Efficient Cellular Fractionation for RNA and Protein Isolation
|Ambion's Protein and RNA Isolation System, PARIS™, uses a rapid and simple procedure to isolate both total RNA and native protein from the same experimental sample. Cultured cells and tissues that are either fresh, frozen, or treated with RNA stabilization reagents such as RNAlater® and RNAlater®-ICE, are all compatible with the procedure. This kit provides a unique tool for researchers who need both RNA and protein for various downstream analysis, reducing time, cost, and variability between independent experimental samples. The PARIS Kit also permits separation of nuclear and cytoplasmic fractions from fresh cultured cells prior to RNA and/or protein isolation. Here, we tested the procedure with various mammalian cell types and show that both RNA and native protein are efficiently recovered from nuclear and cytoplasmic fractions with virtually no cross contamination between the two cellular compartments.|
Fast and Simple Cellular Fractionation
The PARIS Kit also contains a solution optimized for rapid nuclear/cytoplasmic fractionation of fresh cultured cells. The fractionation method is based on differential lysis of plasma and nuclear membranes by nonionic detergents. After selective lysis of the plasma membrane in Cell Fractionation Buffer, intact nuclei are collected by a quick centrifugation step and resuspended in Cell Disruption Buffer. The supernatant contains all of the cytoplasmic components. Following the same procedure described above, both protein and high quality RNA can then be isolated from each cellular fraction. The entire procedure for the simultaneous isolation of RNA and native protein from total or nuclear and cytoplasmic fractions can be completed in as little as 30 minutes.
Efficient Cellular Fractionation with Various Cell Types
Figure 1. Comparison of Total, Cytoplasmic, and Nuclear RNA and Protein From Different Cell Lines. RNA and protein were isolated from 1 x 106 cells using the PARIS Kit. To allow direct comparison between total (T), cytoplasmic (C), and nuclear (N) fractions, the same proportion (~5%) of each prep was analyzed by denaturing agarose gel electrophoresis (NorthernMax®-Gly Kit) or Western blot with anti-GAPDH antibody (Ambion). Nuclear vs cytoplasmic fractionation was performed in triplicate for 293 cells. M: Millennium Markers™.
Efficient cellular fractionation at the protein level was confirmed by Western blot analysis with an antibody specific for the cytoplasmic GAPDH protein (Figure 1, bottom panels). Equivalent amounts of GAPDH protein were present in the total and cytoplasmic fractions with no detectable cross contamination in the nuclear fraction for the four cell types tested.

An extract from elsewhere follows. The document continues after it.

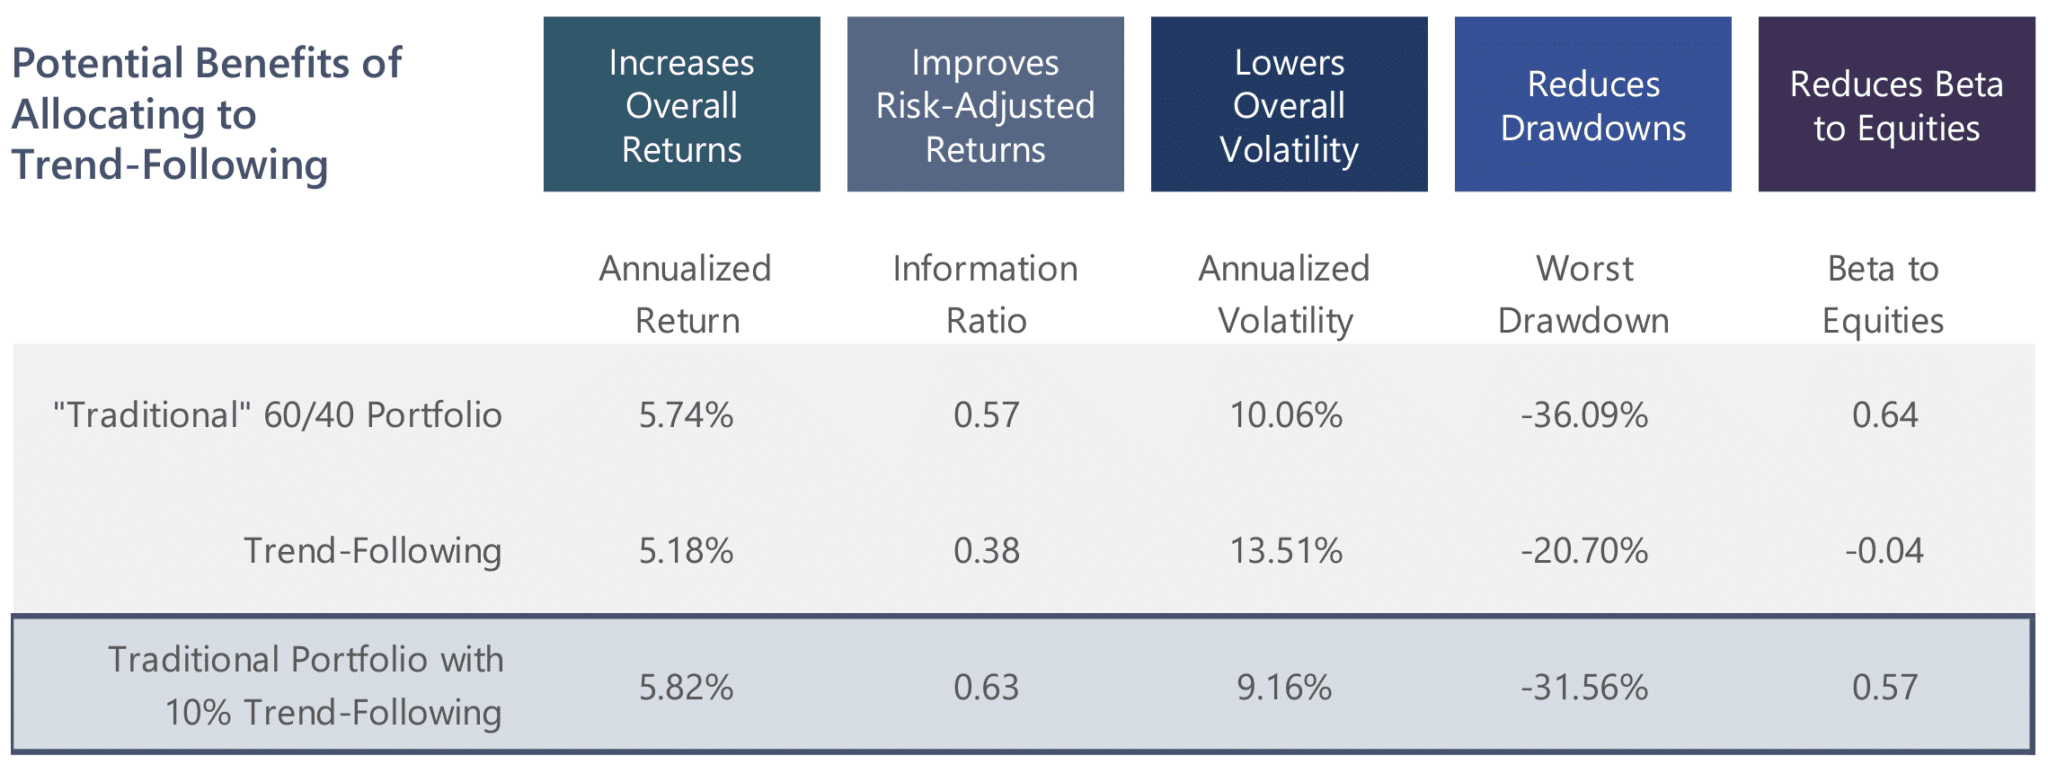 Adding trend-following to a 60/40 portfolio impact on returns, volatility, drawdowns

Isolation of Intronless Cytoplasmic mRNA
Figure 2. Analysis of Fibronectin pre-mRNA Splicing. The mutually exclusive alternative splicing of fibronectin exon EIIIb was analyzed by RT-PCR (35 cycles) using total (T), cytoplasmic (C), and nuclear (N) RNA isolated from 293 cells with the PARIS Kit. Using an intron-specific primer, the unspliced form was detected only in the total and nuclear fractions. No PCR products were detected in the minus RT and minus RNA controls (data not shown).

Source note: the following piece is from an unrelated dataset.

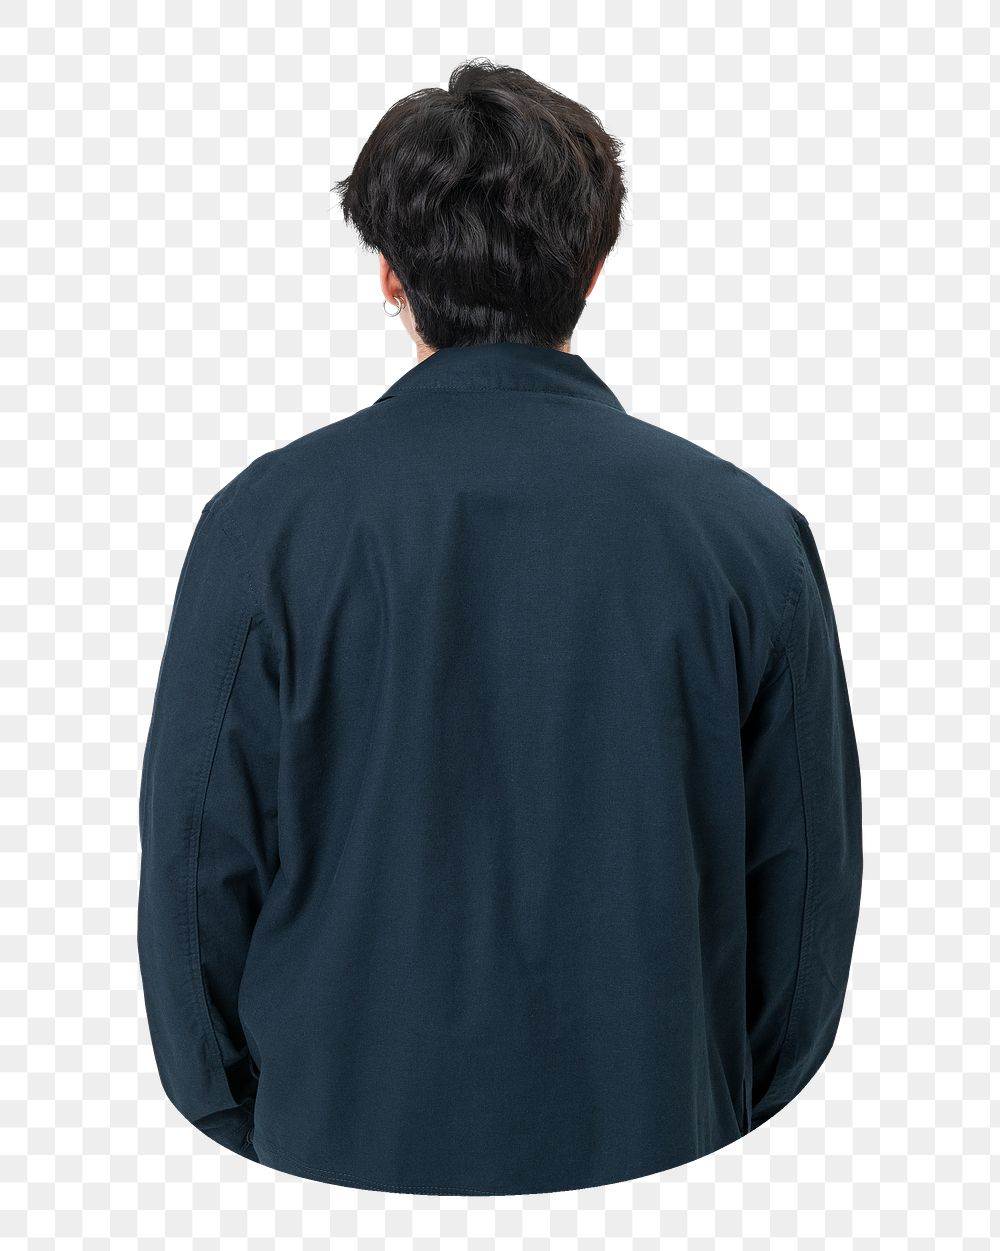 Png back, man in shirt image on transparent background

Isolation of Native Protein
Figure 3. Luciferase Activity in HeLa Cells Lysates. 3x105 HeLa cells were transfected in duplicate in 6 well plate with 1 µg of luciferase mRNA. The relative luciferase activity in each protein fraction prepared with the PARIS Kit was measure 18 hours after transfection. Luciferase mRNA was prepared with Ambion's mMESSAGE mMACHINE® and Poly(A) Tailing Kits.
2D Protein Analysis
Figure 4. 2D Analysis of Proteins Isolated Using the PARIS Kit. Total, nuclear, and cytoplasmic proteins (~25 µg) from HeLa cells were resolved using a pH 4-7 IPG gel followed by 8-16% SDS-PAGE. Gels were stained with SYPRO® Ruby (Molecular Probes). Panels on the right show a magnification of a portion of each gel and an overlay of the nuclear and cytoplasmic gel pictures.